31. What is important to note is that the investigating authority is required to submit a report after completion of investigation and documents as well as relevant extracts thereof on which the prosecution proposes to rely upon along with the said report. The prosecution also is required to place the statements recorded under Section 161 of the Criminal Procedure Code.

32. Learned Magistrate, thereafter, is to consider the said report and then to decide the future course of section. Taking of cognizance is one of such option left to the learned Magistrate under the statute. The word 'cognizance' means application of mind for the purpose of proceeding future. In the present case, learned Magistrate by order dated 19th August, 2006 took cognizance on receipt of such police report which appears to have been strangely described and dressed in three chargesheets.

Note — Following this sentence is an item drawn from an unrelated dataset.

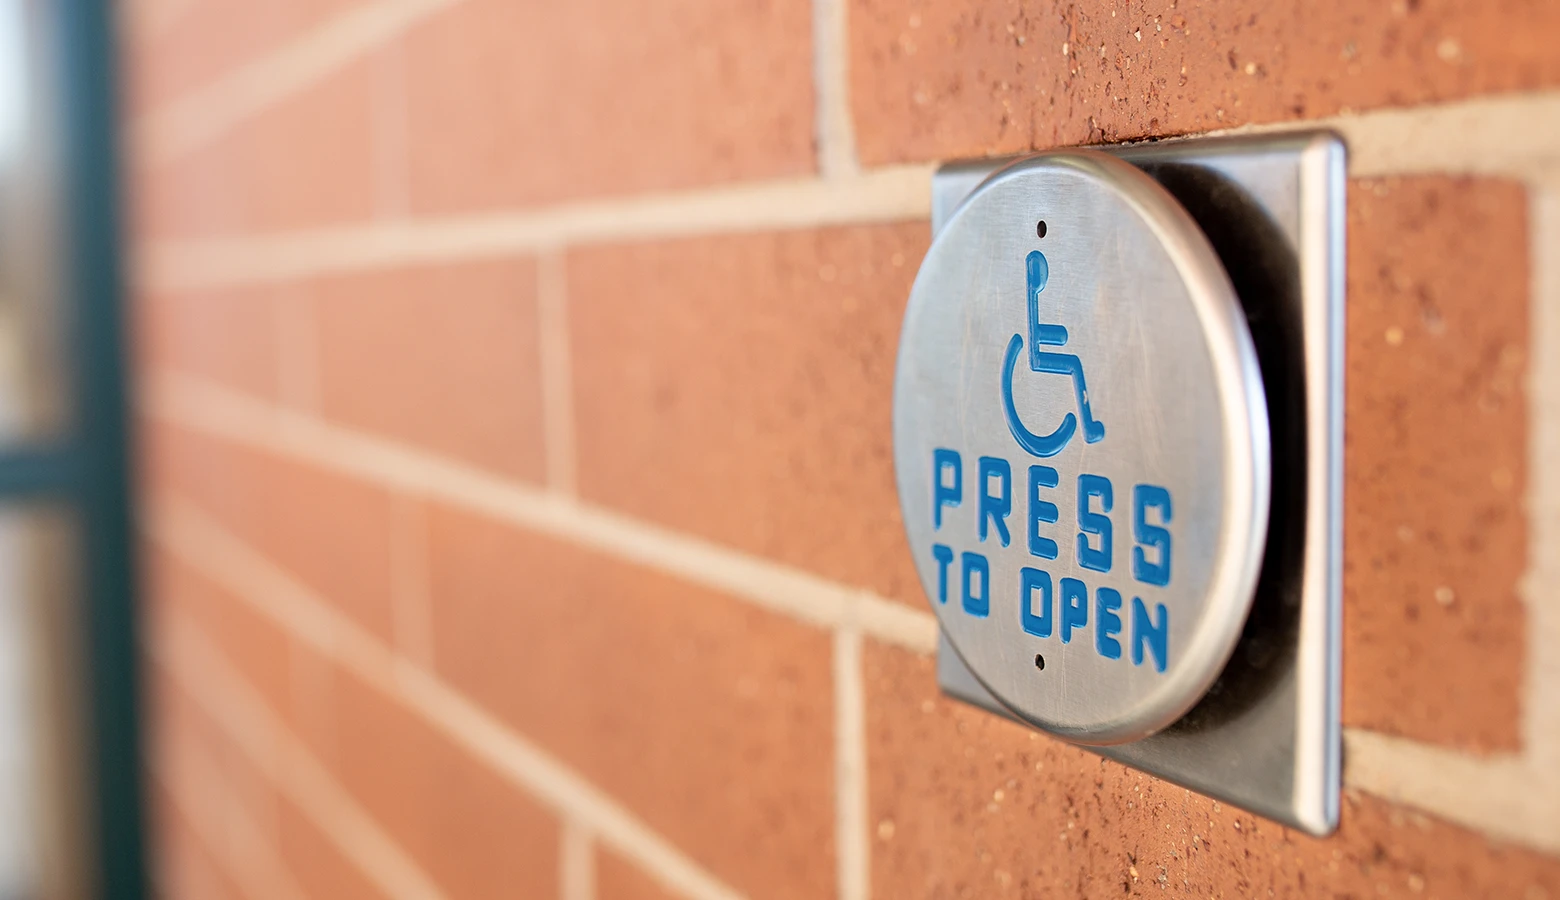 A sign on a brick wall that says "Press to Open", with the international accessibility symbol.

33. On behalf of the petitioner it was further submitted that the learned Court could have had no justification for directing issuance of warrant of arrest straightaway. Mr. Roy sought to respond to the challenge mentioning that the alleged offences being serious and certainly being triable by warrant procedure, it was within the competence of the learned Court to direct issuance of warrant of arrest. No doubt, Mr. Roy, is technically right but in the facts and circumstances of the present case, there was perhaps no justification for directly issuing warrant of arrest. But grievance in this regard cannot by any stretch of imagination lead this Court to quash the proceeding.

34. Considering all such facts and circumstances and having regard to the materials on record I find it difficult, if not impossible, to appreciate the grievances, as ventilated on behalf of the petitioner.

35. The present application being C.R.R. No. 2969 of 2006 stands dismissed. Interim order, if any, vacated.

36. It is perhaps needless to mention that this does not take away the the right of the petitioner to raise all the grievances before the learned Trial Court at the appropriate stage.

37. In absence of any material or suggestion that there is any possibility of abusing of the process of law by the petitioner, I think, in the best interest of justice, execution of warrant of arrest issued against the petitioner by the impugned order be stayed for a period of four weeks from this date and the petitioner is directed to appear before the learned Court within a period of three weeks. Upon such appearance, he will be at liberty to file an application for bail and if such application is filed, it is for the learned Trial Court to consider the same and pass necessary order in accordance with law.

38. Criminal department is directed to supply urgent certified copy in compliance with due formalities.